Her brow furrowed. “What does it look like? I wanted to take a bath.”
“And drink a bottle of wine in the process, apparently.”
“It’s a half of a bottle.”
“Details. Get the fuck out of the tub.”
She narrowed her gaze. “I—”
Gian was not in the mood to play games with this woman tonight. He yanked Elena out of the bubbly, hot water by her wrist, not caring at all that she slipped and stumbled before righting herself with an angry huff. If looks could kill, he would have been dead right there on the spot.
“We’re not going to play your games tonight, Elena,” he warned. “I have a feeling you’ve been playing enough games with me as it is. I’m going to speak, you’re going to listen. I’m going to ask questions, you’re going to talk. If you lie to me, I will know it. If you spin bullshit with me, I will know it. Do you understand?”

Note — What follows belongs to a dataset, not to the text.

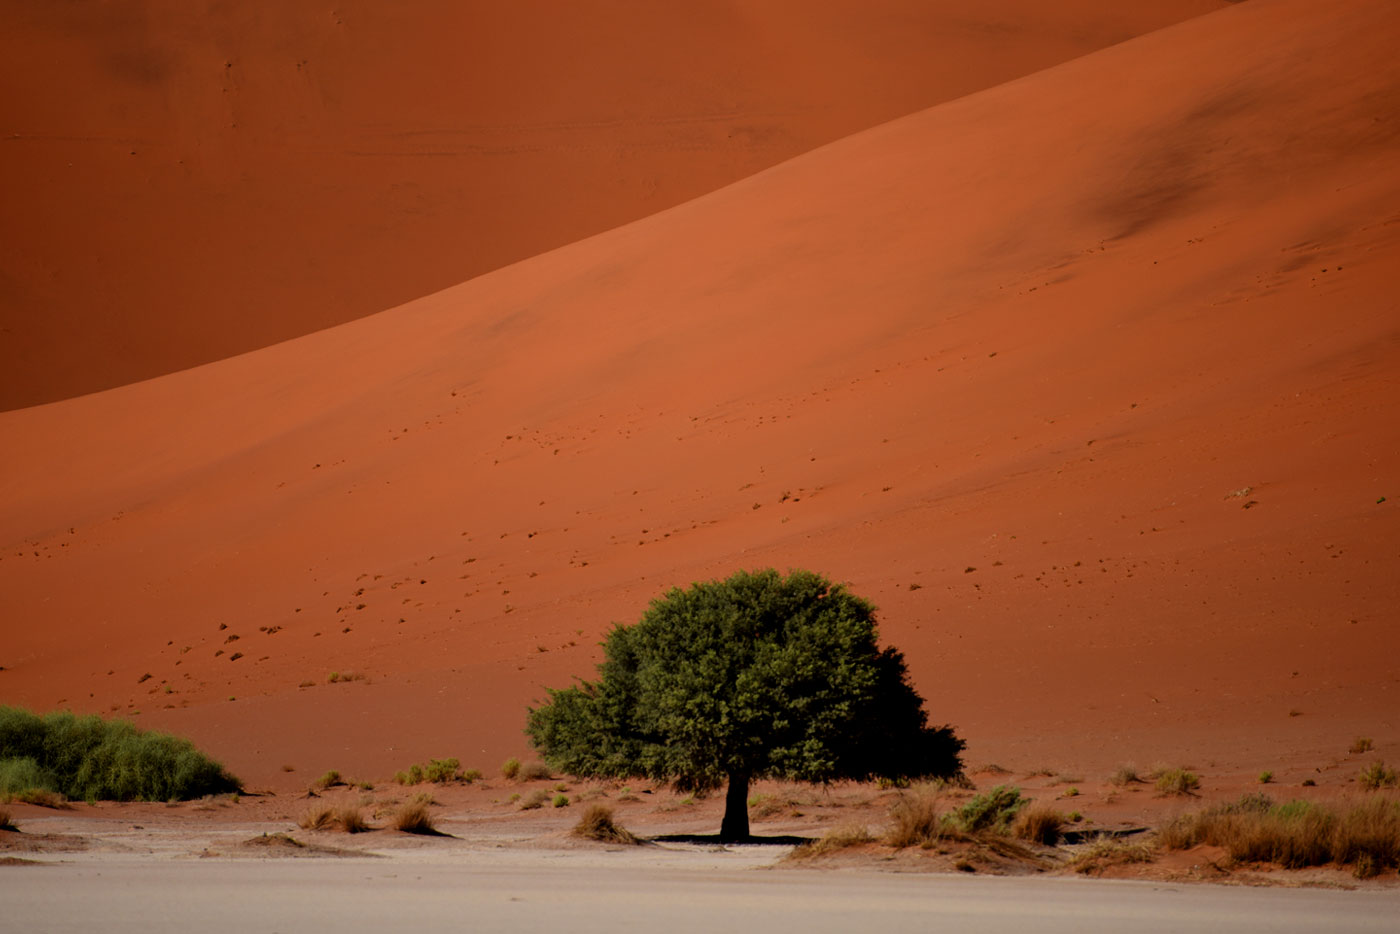 Travel guides and blogs about Namibia

“Could I at least get dressed?”
Gian grabbed the large towel hanging off the hook and shoved it at his wife. “Cover yourself up, it’s the best I can do at the moment.”
“You’re an ass—”
“Yes, I’m aware,” he interrupted before she could insult him. “You know, your father told me again and again that I needed to watch you. He tried to get through my thick skull that women like you can’t be trusted. And after all the shit you already did to me, I should have listened to the man. Except I didn’t, because I listened to too much of what you were saying. You’re just as much of a snake as your father is.”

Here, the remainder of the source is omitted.